Покои же боярыни отличались особым убранством, указывавшим и на то, что боярыня была далеко не противницей новшеств. На дубовых стенах висели картины иноземных художников на сюжеты из греческой мифологии, а также на эпизоды из рыцарской жизни. В одном из оконных простенков висели часы с башенным боем. На столе лежал музыкальный инструмент— маленькая арфа, на которой боярыню обучал живший в Москве итальянец. Но арфа вся покрылась пылью, что свидетельствовало о полном невнимании к ней в последнее время ее хозяйки. Зато новенькая джианури— грузинская скрипка с красной широкой лентой на ручке — лежала на скамейке и точно заявляла своим нарядным видом, что ею занимаются, что она— любимая фаворитка боярыни. И правда, боярыня часто брала джианури в руки и, точно лаская ее, неумелыми пальцами перебирала струны, потом бережно клала ее на место и, задумавшись, подолгу смотрела на скрипку. Боярыня училась играть на этом инструменте, и учить ее взялся князь Леон Джавахов.
Вскоре после праздников, в послеобеденное время, боярыня сидела у себя в комнате, в голубом парчевом летнике и без кики на голове; ее волосы были выложены короной на темени, что еще больше красило ее лицо. Она сидела у оконца с задумчивой улыбкой на устах, устремив свои голубые глаза на пасмурное, хмурое небо.
На улице завывала вьюга и крепчал крещенский мороз, а в комнате было тепло, уютно, приветно.
— Должно, не придет уж! — вздохнула боярыня, вглядываясь сквозь стекло в темневшую улицу.
Но вдруг дверь скрипнула, и боярыня, встрепенувшись от неожиданности, оглянулась. Однако вместо ожидаемого гостя в комнату вошла нянюшка боярыни, сморщенная старушка. Полуглухая и полуслепая.
— Что тебе, нянюшка? — удивилась боярыня и пошла навстречу старушке, которая редко беспокоила свою ненаглядную красавицу посещениями. — Из-за чего пришла?

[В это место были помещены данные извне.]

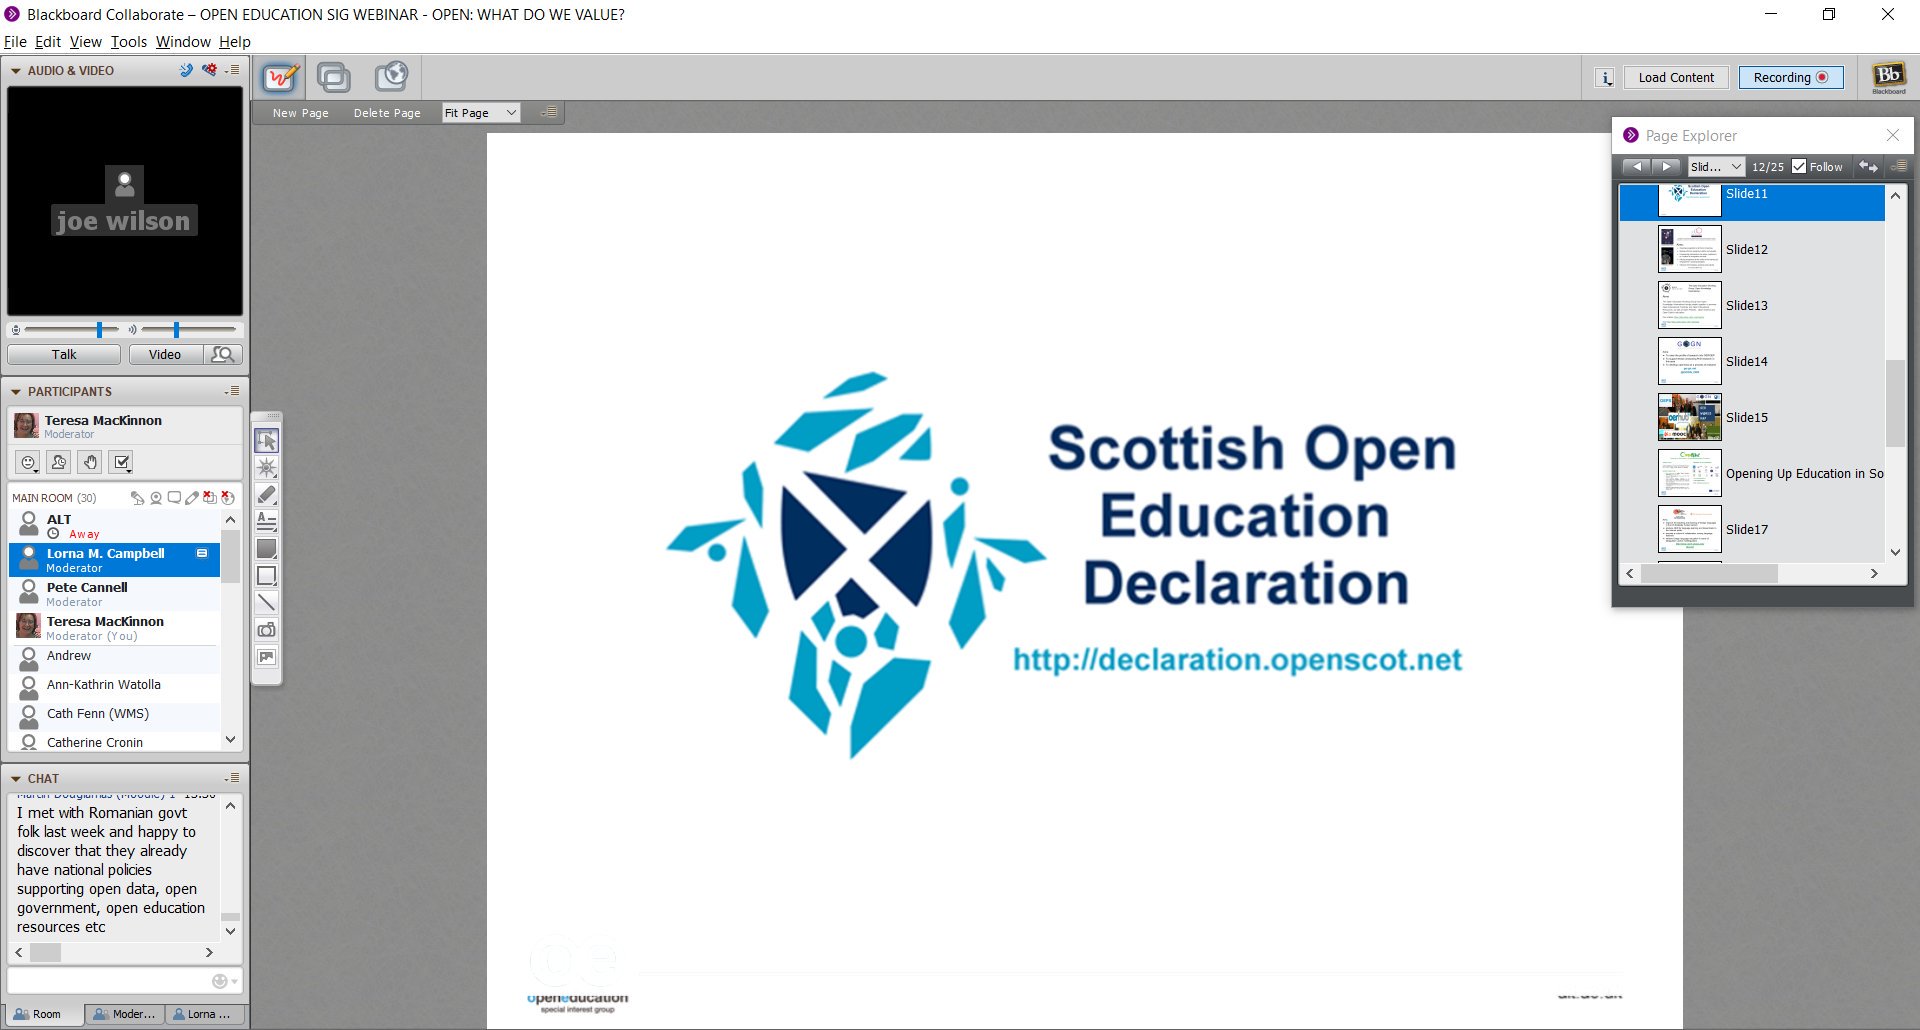 Scotland rocking the #openedsig webinar - great team contribution #altc thanks @joecar @LornaMCampbell https://t.co/JiFzEvkANP

— Ась? — подставила старушка ухо к самым губам боярыни, но, видимо, сообразив, о чем та ее спросила, сказала: — По делу, красавица моя, по делу.
— Какие у тебя дела, нянюшка? — улыбнулась боярыня.
Старушка, или не расслышав, или не желая отвечать, молча порылась в своем необъятном кармане, вытащила оттуда смятую бумажку и подала ее боярыне.
Та, не переставая улыбаться, развернула бумажку и стала читать написанные неразборчивым почерком то польские, то русские слова вперемежку. Прочитав раз, прочитав два, она наконец уяснила себе все: по-польски она выучилась давно и теперь должна была вникнуть только в смысл записки.
— Нянюшка, откуда у тебя это? — спросила она старуху.
— Откуда у меня это, тебе не след знать, — ответила старушка, тряся головой. — Твое дело— помочь обиженной!
— Нянюшка, да я не знаю, кто она, о ком здесь писано! — сказала боярыня на самое ухо старушке.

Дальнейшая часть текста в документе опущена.